**Provided information:**
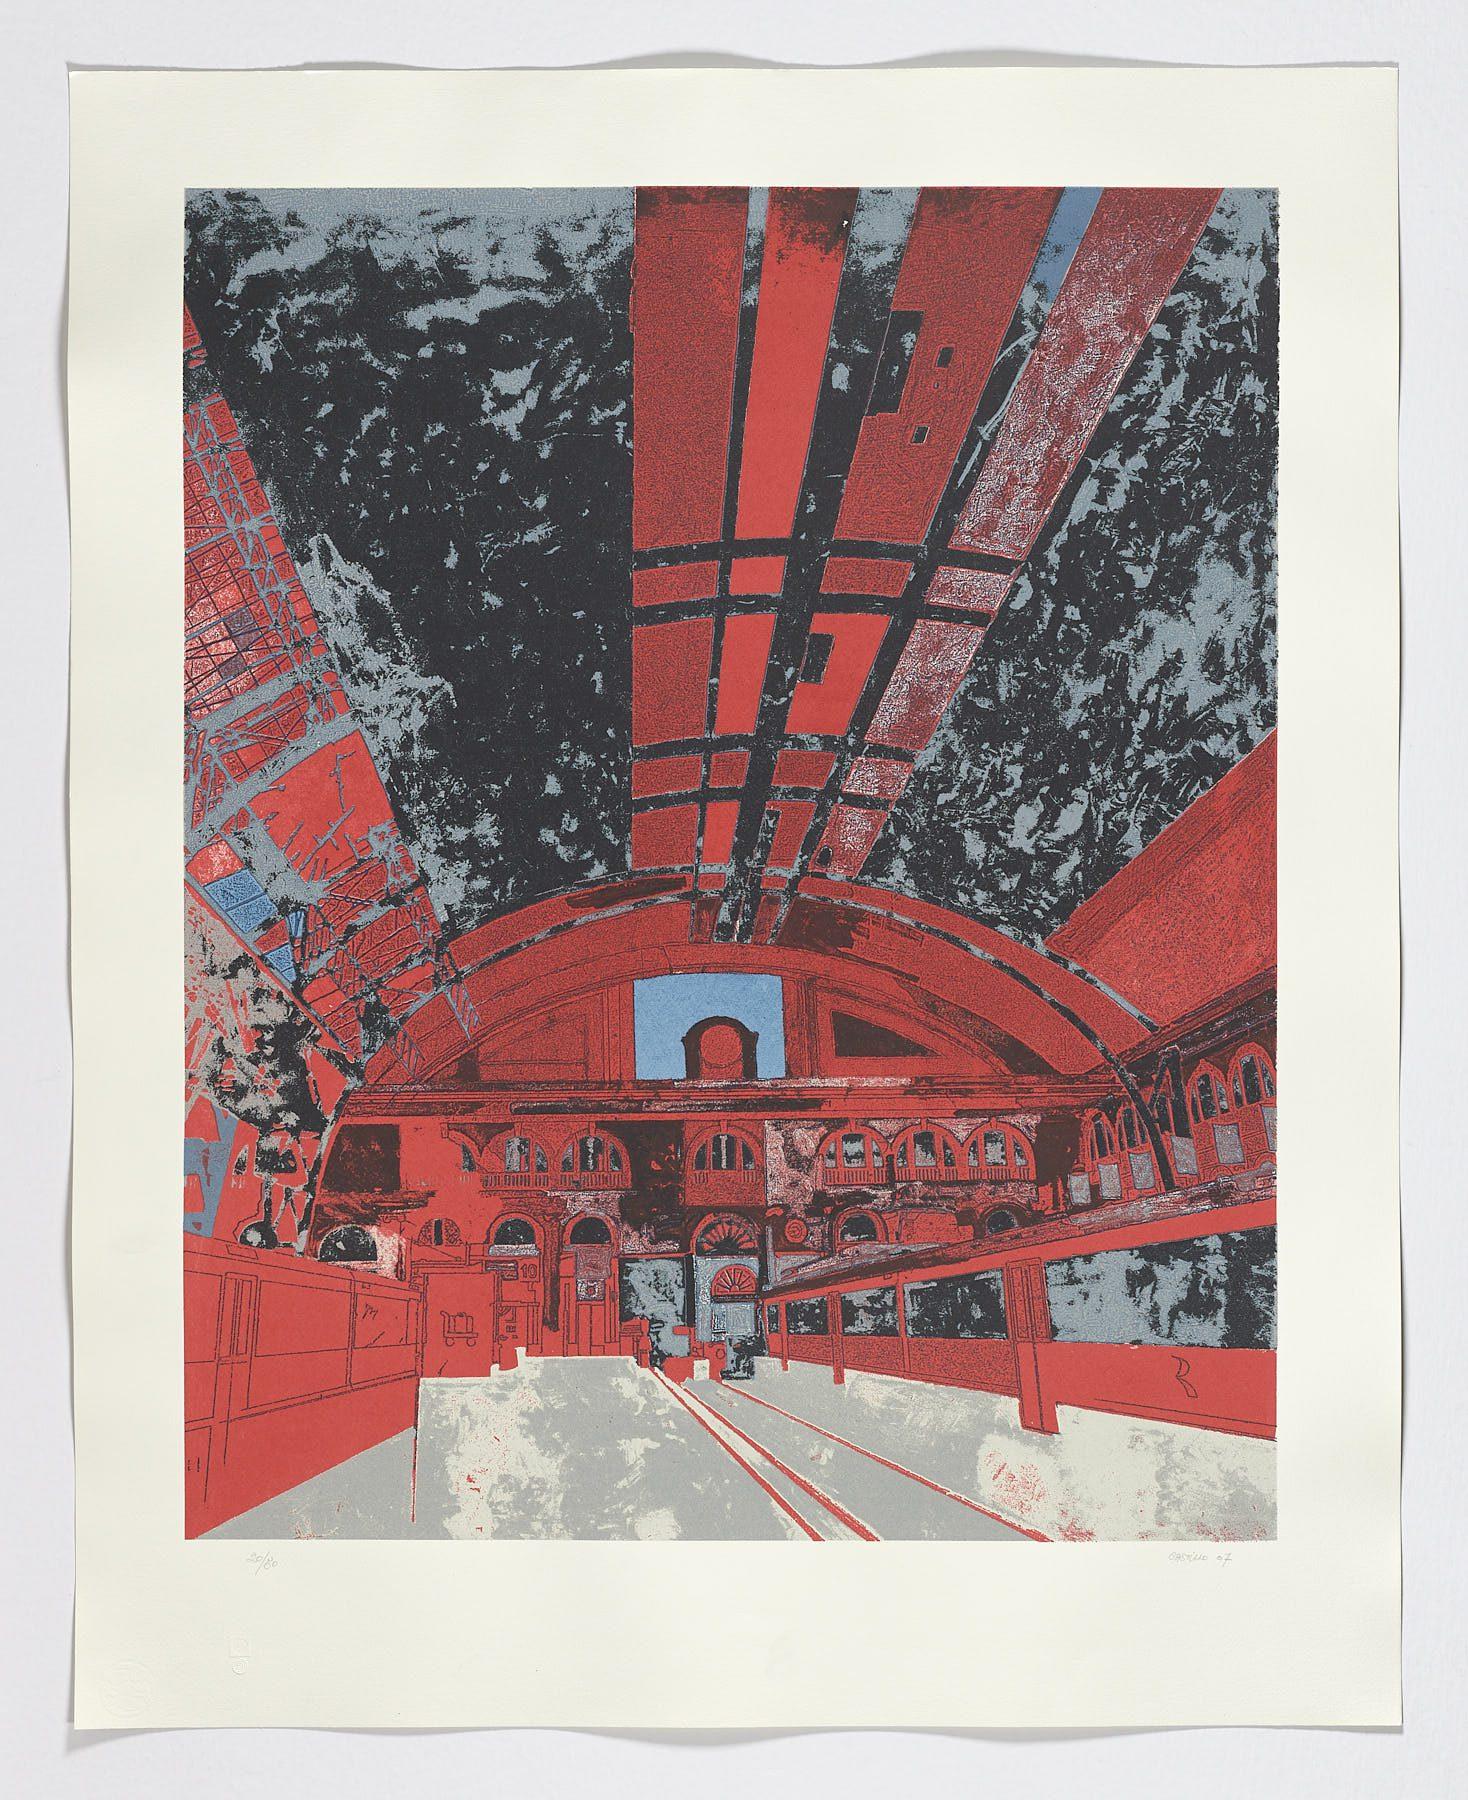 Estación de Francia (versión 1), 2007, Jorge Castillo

--

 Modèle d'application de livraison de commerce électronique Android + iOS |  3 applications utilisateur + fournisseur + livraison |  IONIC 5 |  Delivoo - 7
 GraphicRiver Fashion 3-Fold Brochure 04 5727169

**Prompt:** The response must hold only the lines above from the line with "Modèle d'application de" through the line with "GraphicRiver Fashion 3-Fold", each copied exactly, both ends kept.

**Solution for this problem:**
 Modèle d'application de livraison de commerce électronique Android + iOS |  3 applications utilisateur + fournisseur + livraison |  IONIC 5 |  Delivoo - 7
 GraphicRiver Fashion 3-Fold Brochure 04 5727169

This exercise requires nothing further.